This is our transition day, the limbo day between, well, being in Ireland and going home. So we’ve taken it fairly easy and not pushed ourselves. I had read of a shopping center near Stephen’s Green that we hadn’t yet visited, so we walked there mid-morning, another pleasant sunny September morning. I enjoyed passing a row of brightly painted doors in Georgian townhouses that we’d passed before, and seeing them once again in the morning sunlight, bright yellows, reds, blues, pinks, greens beaming in the light.
We also passed the Irish government buildings on Merrion Street, with their attractive black ironwork fences featuring shamrocks, and amusing topiaries on the lawn inside the fence. I took a number of photos of these sights.
When we finally got to the shopping center, it was quite a disappointment — lots of tourist tat, overpriced “authentic Irish gifts” shops, American chains (including knock-offs with clever names like T.K. Maxx), and so on. The shopping center itself, a large, vaulted, enclosed space with filigree ironwork around and across its three balconies and skylights, was very nice to see. We took the escalators up to the top stories, walked around all three floors, then when we’d gotten back down to floor two, we found no escalator to take us down, so hoofing the stairs was the only option.

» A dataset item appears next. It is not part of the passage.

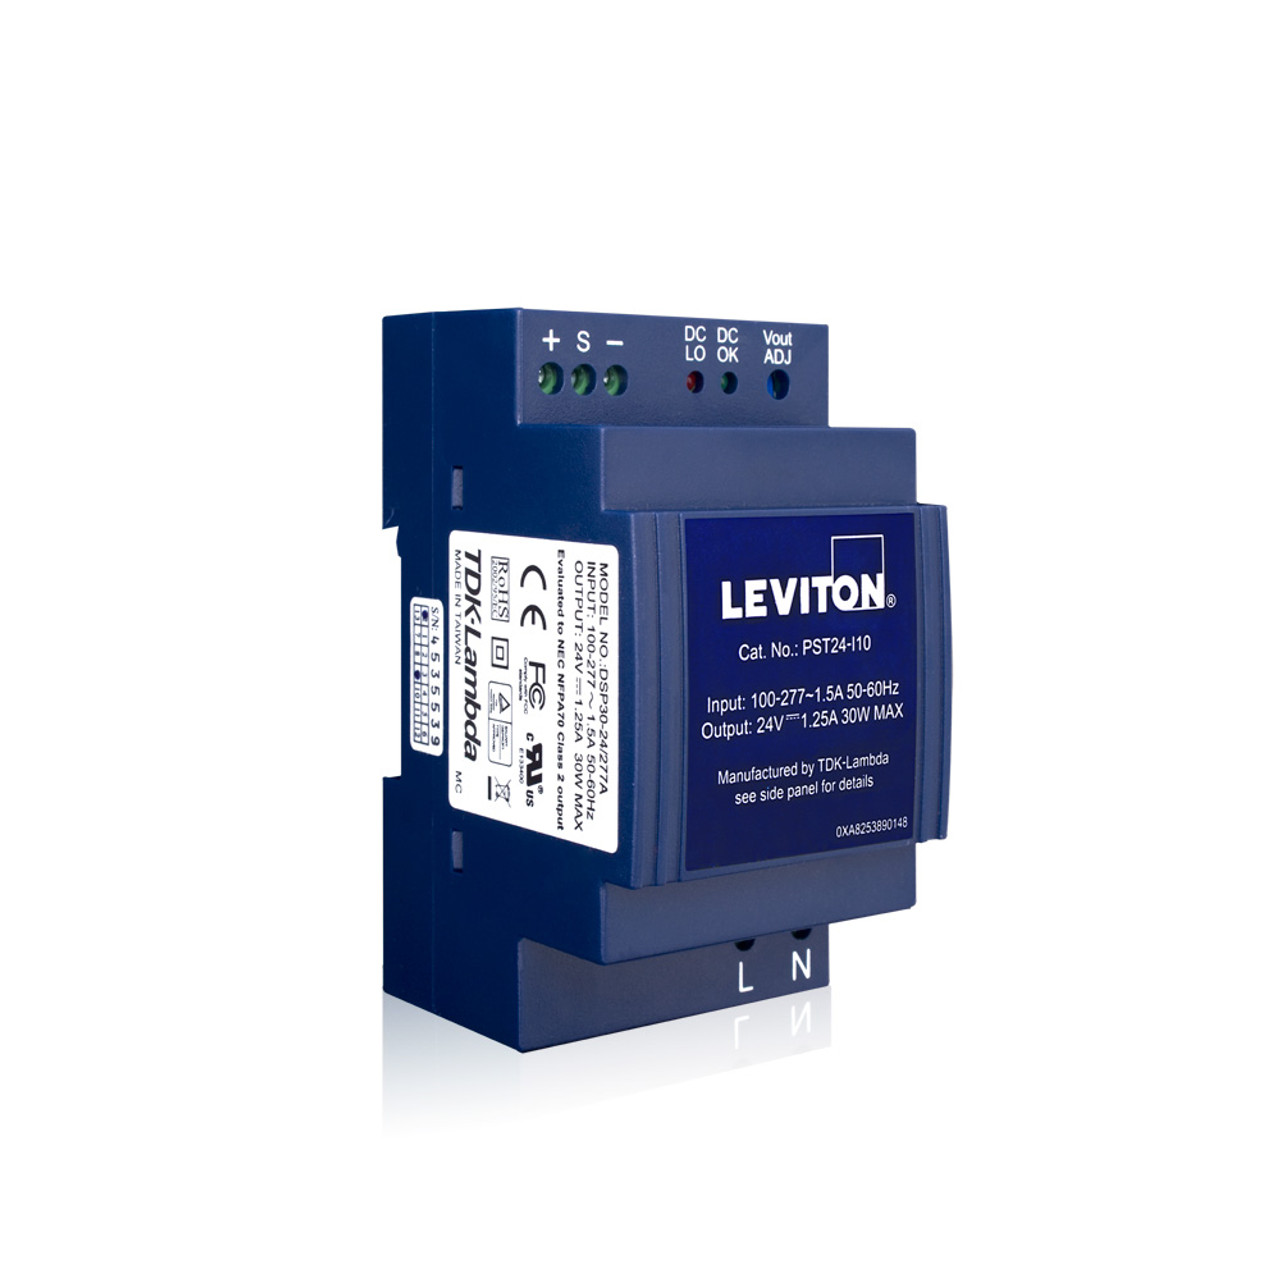 Leviton PST24-I10

It felt good to be back outside in the fresh morning air, though by the time we’d made our rounds inside, something, either the glinting of sunlight on glass or my fatigue after the longish walk or a combination of both, brought on one of my retinal migraines, so I suggested that we find a coffee shop and sit and have some coffee and let the episode pass. They’re not painful, but disorienting, due to the flashing lights that inhabit the eye while it’s all transpiring.
We found a place called Insomnia nearby, evidently a Dublin chain, and had a very good caffè latte with an almond croissant, and then walked across the street to Stephen’s Green and walked through the park in the direction of the hotel. The walk was enjoyable, with the canopy of green trees arching over the walkways — and I say green, though leaves are starting to turn, and the walkway we took through the park was strewn with yellow leaves the trees had dropped.
Beside the walkway at a small distance was a pond or tiny lake with waterfowl including seagulls. When we entered the park, a gull was perched amusingly right on top of a memorial monument to Jeremiah O’Donovan Rossa, a big block of granite with carvings. As we exited the park at the Merrion Street exit (or a Merrion Street exit), there was a memorial to the Famine by Edward Delaney that I found more moving than I would have anticipated.
Maybe part of the pathos is the juxtaposition of a figures showing a starving family with one of their sheep starving with them right at the entrance-exit to a beautiful green space, the largest park in Dublin: the green island of Ireland encapsulated in a park, with a reminder that in that green and fertile space that is Ireland, people died of hunger in huge numbers at a time when Ireland was exporting food its own starving people needed, the food going to England in the draconian iron trap capitalism imposes on all of us.
Somehow, too, it was pathetic seeing the starving sheep with its starving family, a reminder that the Famine brought suffering not only to human beings but to other living beings including farm animals. As soon as one passes the Famine memorial and heads out of the park to Merrion Street, there’s a large bronze statue in memory of Theobald Wolfe Tone, perhaps deliberately placed near the Famine memorial to remind visitors that the Famine was human-constructed and not an “act of God”: it was very much a political matter that demanded a political solution which finally arrived in the form of Ireland’s independence.
Then it was back to the hotel for a long rest and to pack. Steve’s packing right this minute, in fact. We did stop at a Spar grocery store and deli on the way back and bought a chicken panini to share in the room for lunch. It was horrible. This last evening in Ireland, we may try our luck at buying a pizza. A pizza place with good reviews is directly across the street from the hotel and Steve has offered to walk over in a bit and buy a pizza to bring back to the room. He’s bought glasses of Guiness from the bar several days here, so I think he may well also bring some beer up for us to enjoy with the pizza.
Then it’s adieu to The Mont and beautiful Dublin and green, green Ireland tomorrow, as we take a taxi to the airport at 8 A.M. and wend our way home — we hope.